-- GIVEN MATERIAL --

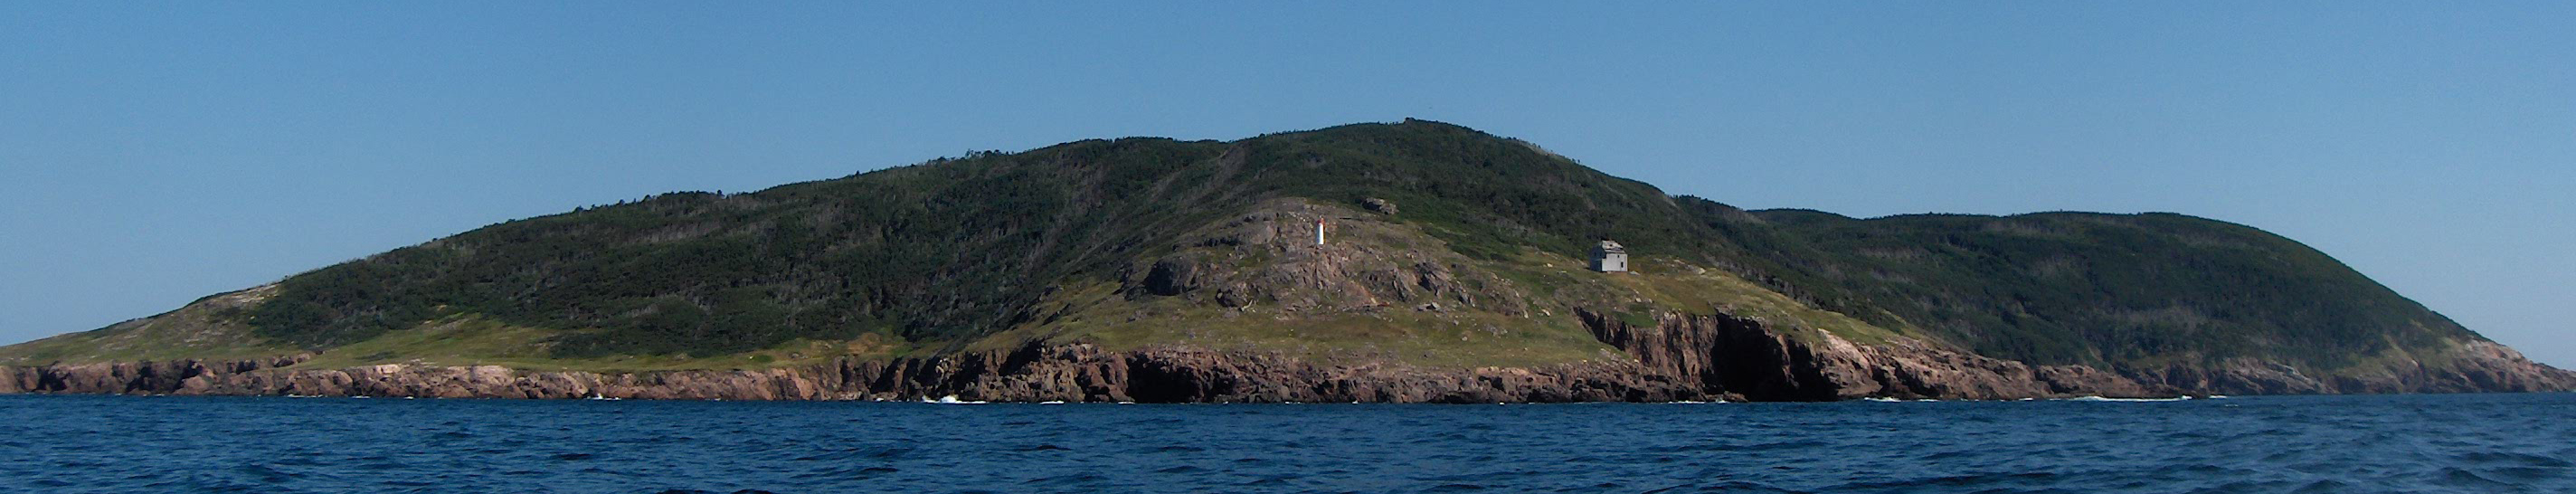 Looking at South Point of St. Paul Island on a sunny day.
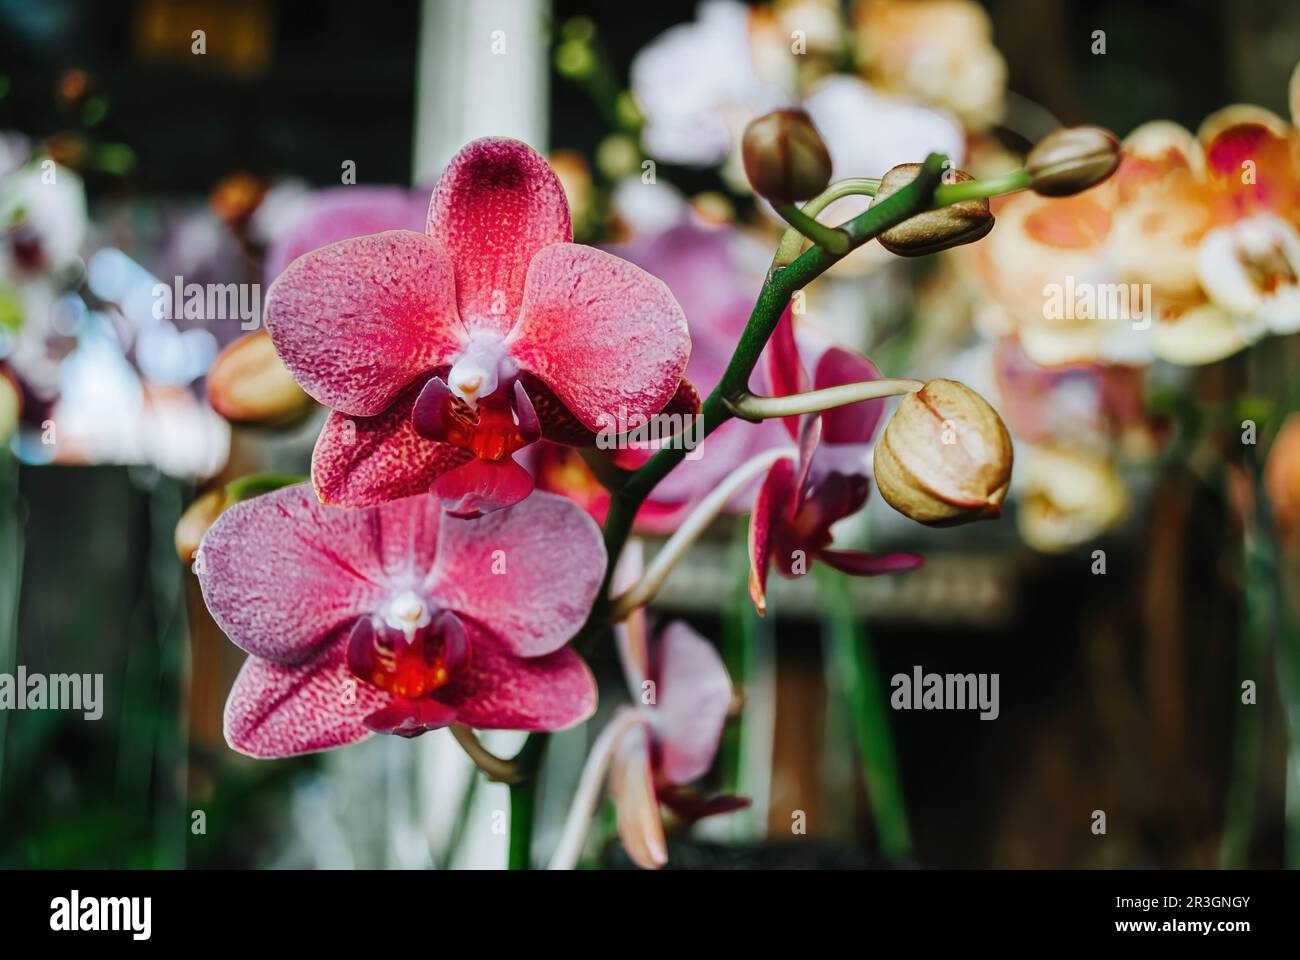 A Doritaenopsis or Purple Moon Orchid flower with bokeh or blurred background. Soft focus or unfocused. Stock Photo
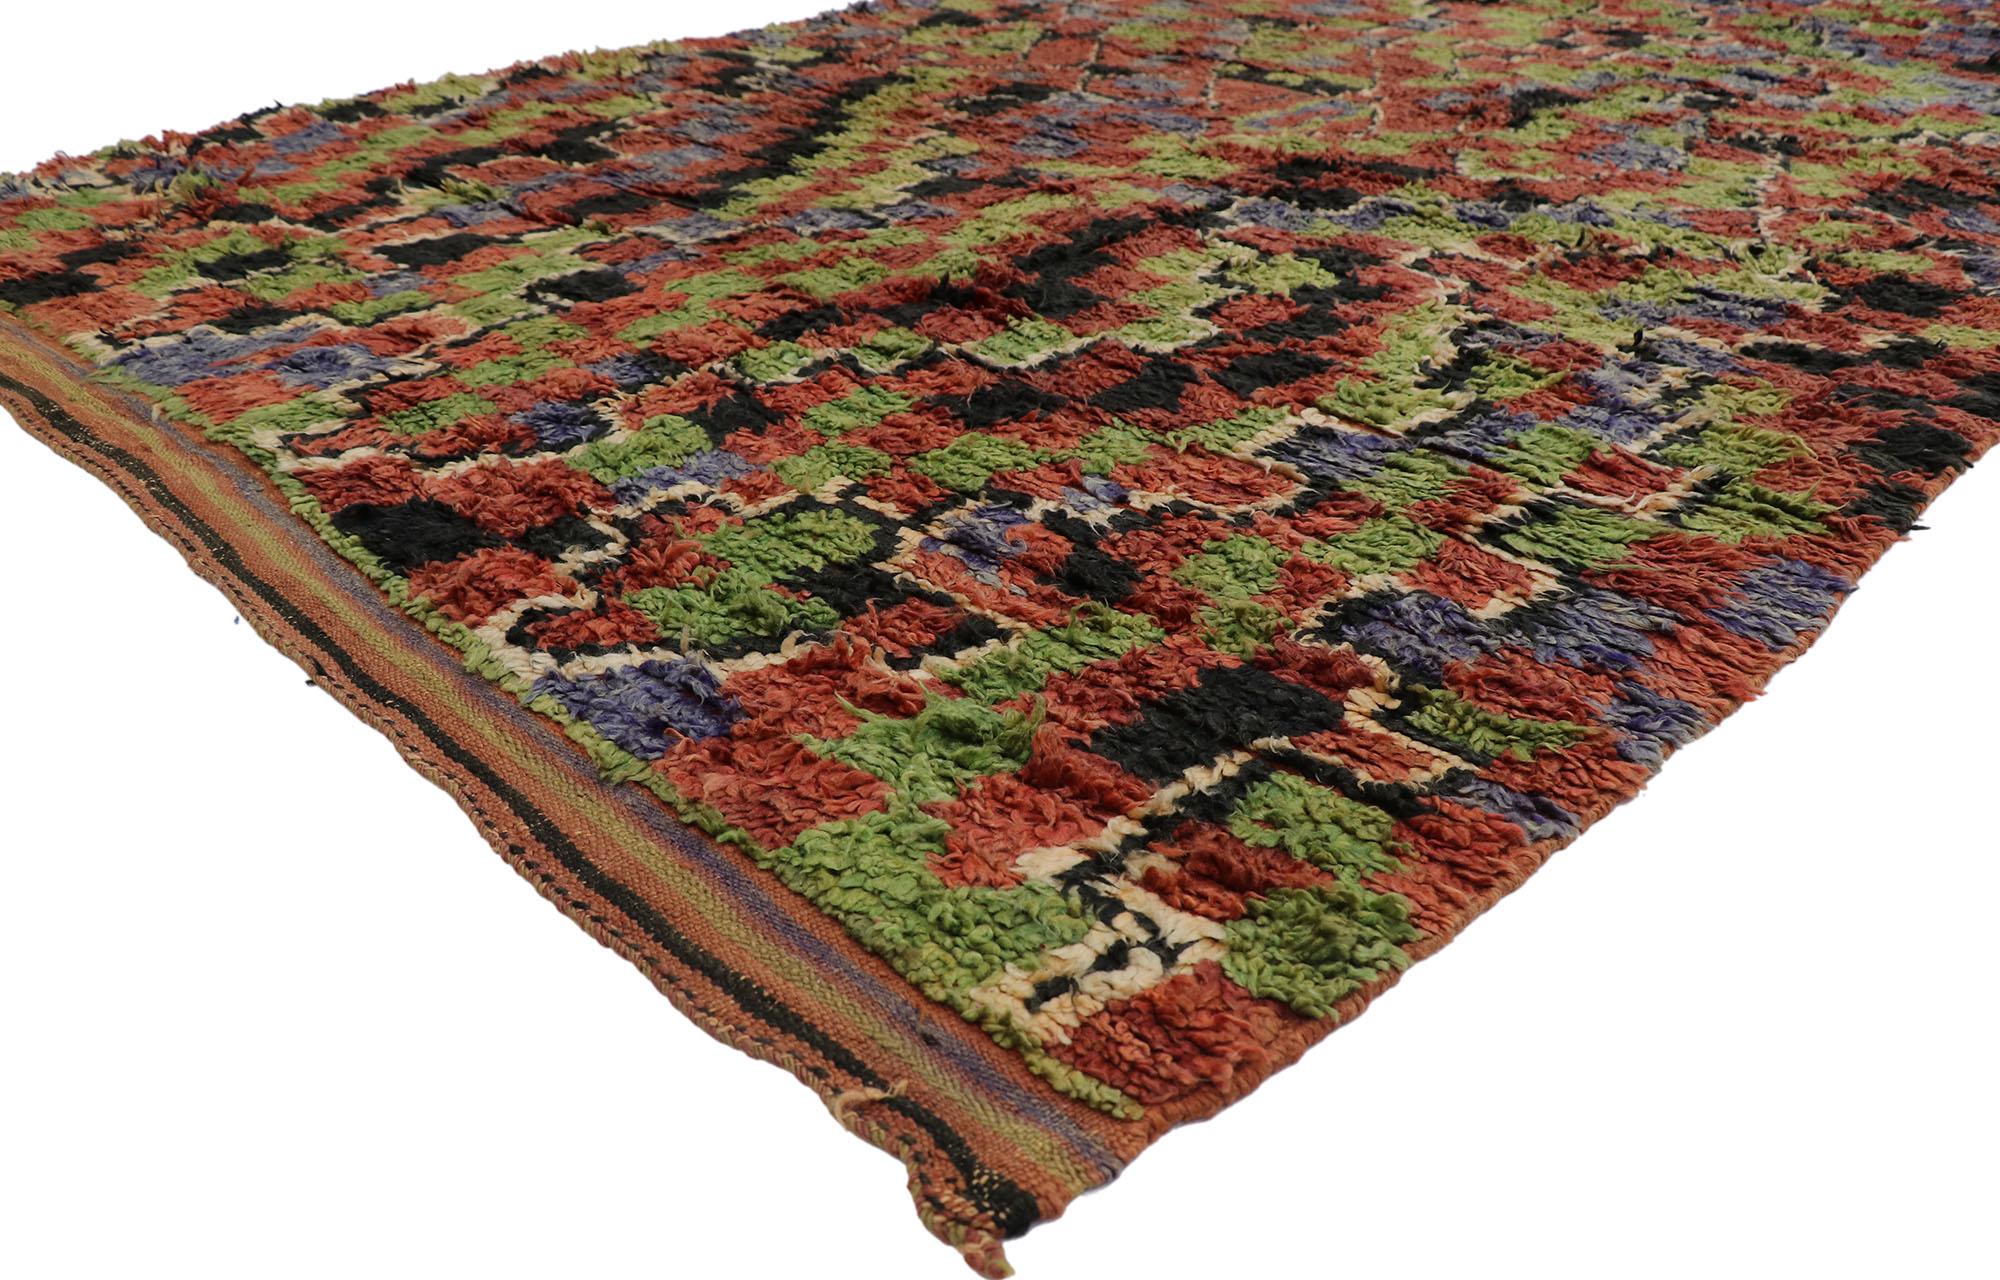 21295 Vintage Ait Bou Ichaouen Moroccan Rug, 06'11 x 11'03.
Emanating nomadic charm with incredible detail and texture, this hand knotted wool Ait Bou Ichaouen Moroccan rug is a captivating vision of woven beauty. The visual complexity and lively

-- PROBLEM STATEMENT --
Would you write out all of the data exactly as it stands, without the pictures?

-- ANSWER TO THE EXERCISE --
 Looking at South Point of St. Paul Island on a sunny day.
 A Doritaenopsis or Purple Moon Orchid flower with bokeh or blurred background. Soft focus or unfocused. Stock Photo
 21295 Vintage Ait Bou Ichaouen Moroccan Rug, 06'11 x 11'03.
Emanating nomadic charm with incredible detail and texture, this hand knotted wool Ait Bou Ichaouen Moroccan rug is a captivating vision of woven beauty. The visual complexity and lively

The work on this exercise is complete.